INGREDIENTS AND EQUIPMENT
- Blueberries - 5 pints (which is 10 cups or about 3.5 lbs.) preferably fresh but frozen, without syrup, works too.
- Lemon juice - either fresh squeezed or bottled, 1/4 cup.
- Water - 1/2 cup
- Sugar - about 4.5 cups of dry, granulated sugar.
- Jar funnel
- At least 1 large pot
- Large spoons and ladles
- Jars, lids and rings
Step 2 - How much fruit?
Jam can ONLY be made in rather small batches - about 6 cups at a time - like the directions on the pectin say, DO NOT increase the recipe or the jam won't set. It takes about 8 cups of raw, unprepared blueberries per batch.
Step 3 - Wash the jars and lids
Now is a good time to get the jars ready so you won't be rushed later. The dishwasher is fine for the jars, the water bath processing will sterilize them as well as the contents. Leave the jars in the dishwasher on heated dry until you are ready to use them. Keeping them hot will prevent the jars from breaking when you fill them with the hot jam.
Step 4 - Wash the berries and sort
Wash the fruit in a colander of plain cold water. Pick out and remove any bits of stems, leaves, and soft or mushy berries.
Step 5 - Crush the berries
You can either do one layer at a time in a pan or bowl using a potato masher or you can be lazy like me and use a handy chopper. Either way if you start with 10 pints of berries you will end up with about 6.5 cups of crushed blueberries.
Step 6 - Measure out the sweetener
The precise measurements are found in directions inside each and every box of pectin sold. Every brand has directions inside. I made regular jam so I bought regular pectin and used 7 cups of sugar. There are different types...low sugar, no sugar, lower sugar, natural. Depending on what type of jam you are making you will need to use a different amount of sugar and type of pectin.
Step 7 - Mix the dry pectin with about 1/4 cup of sugar
Keep this separate from the rest of the sugar. I added about 20% more pectin from another box just to make sure my jam was thick. I did not want it to be runny.

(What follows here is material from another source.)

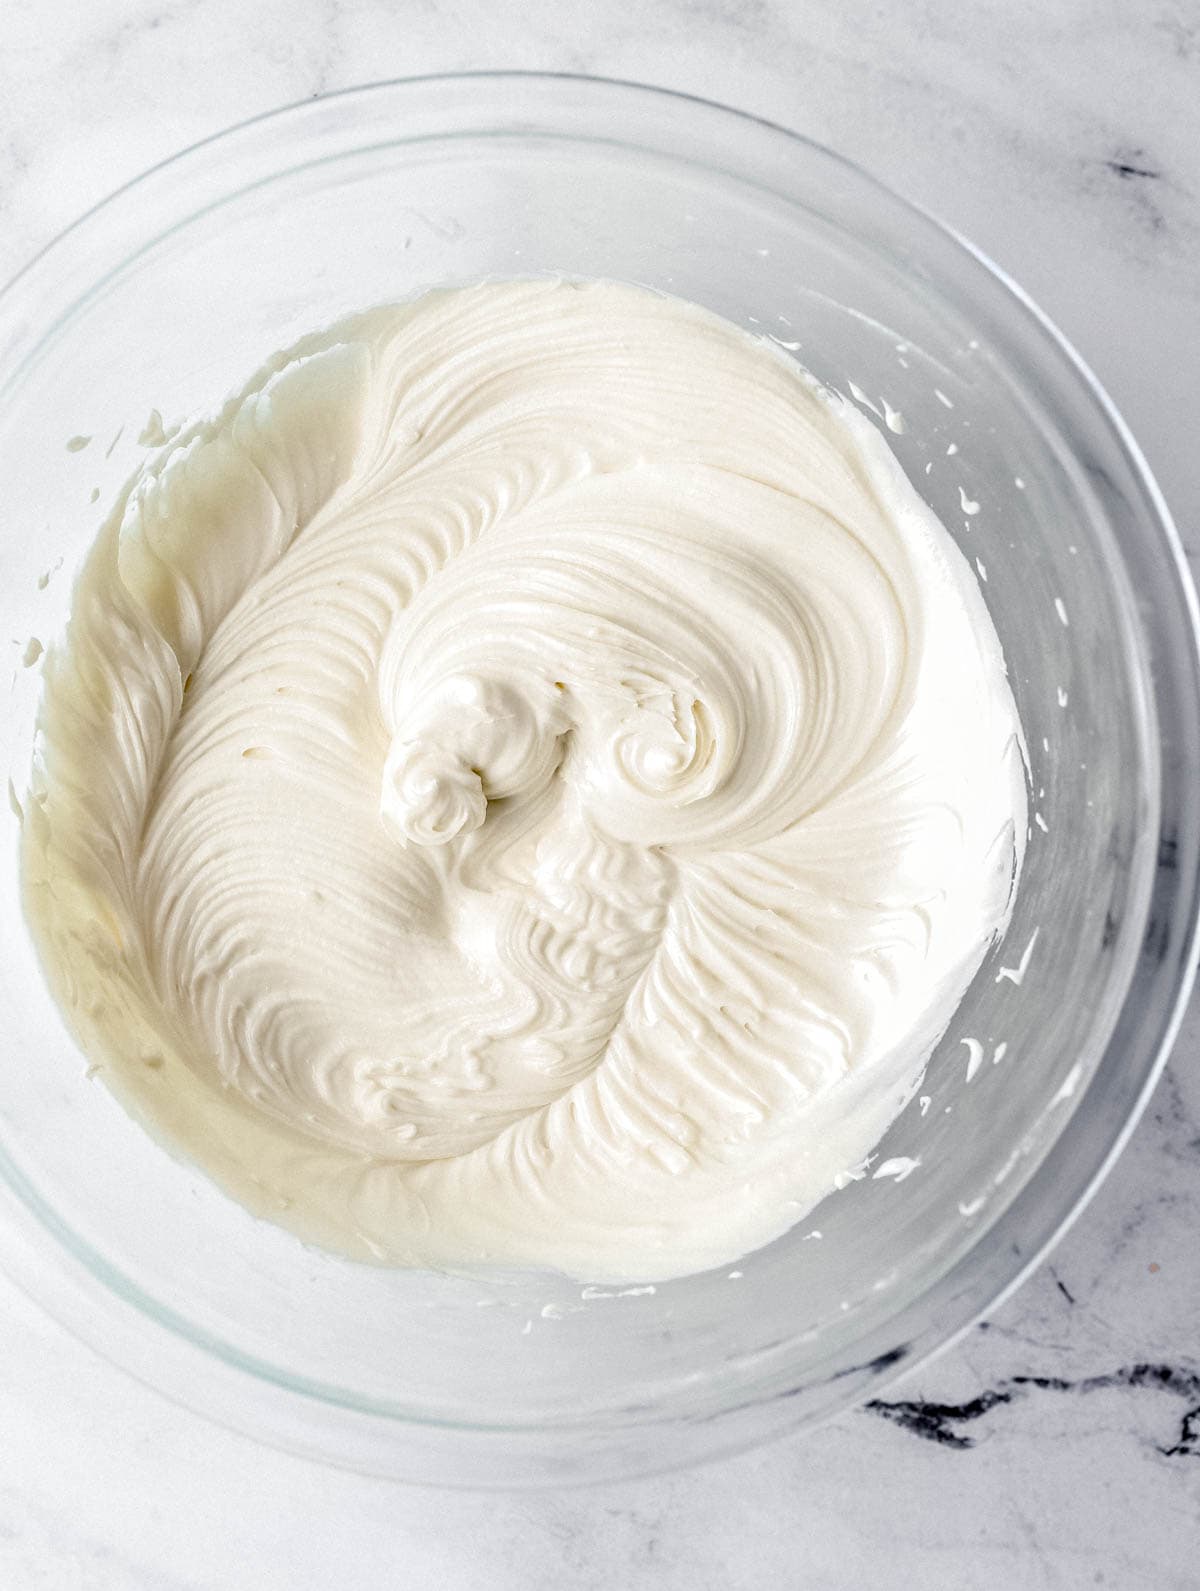 Cake frosting ingredients combined in large glass mixing bowl on marble surface.

Step 8 - Mix the blueberries with the pectin and cook to a full boil
Stir the pectin, lemon juice and water into the blueberries and put the mix in a big pot on the stove over medium to high heat. Stir often to prevent burning. It should take about 5 to 10 minutes to get it to a full boil.
Step 9 - Add the remaining sugar and bring to a boil
When the berry-pectin mix has reached a full boil, add the rest of the sugar (about 4 cups of sugar per 6 cup batch of blueberries) and then bring it back to a boil and boil hard for 1 minute.
Step 10 - Fill the jars and put the lids and rings on
Fill them to within 1/4 inch of the top, wipe any spilled jam off the top, seat the lid and tighten the ring around them. Then put them into the boiling water canner. (I just used a big pot I have...might ask for a canner for Christmas!)
Step 11 - Process the jars in the boiling water bath
Keep the jars covered with at least 1 inch of water. Keep the water boiling for 5 minutes. (I did a little longer. It was more like 7 minutes before I started pulling them out and maybe 10 for the last jars.)
Step 12 - Remove and cool the jars - Done!
Lift the jars out of the water and let them cool without touching or bumping them in a draft-free place (usually takes overnight). Once they are cooled, they're ready to store. They last up to 12 months but I read that after 6 to 8 months they may get darker and a little runny. They are still safe to eat, but the flavor and texture aren't as good. So eat them in the first 6 months after you prepare them.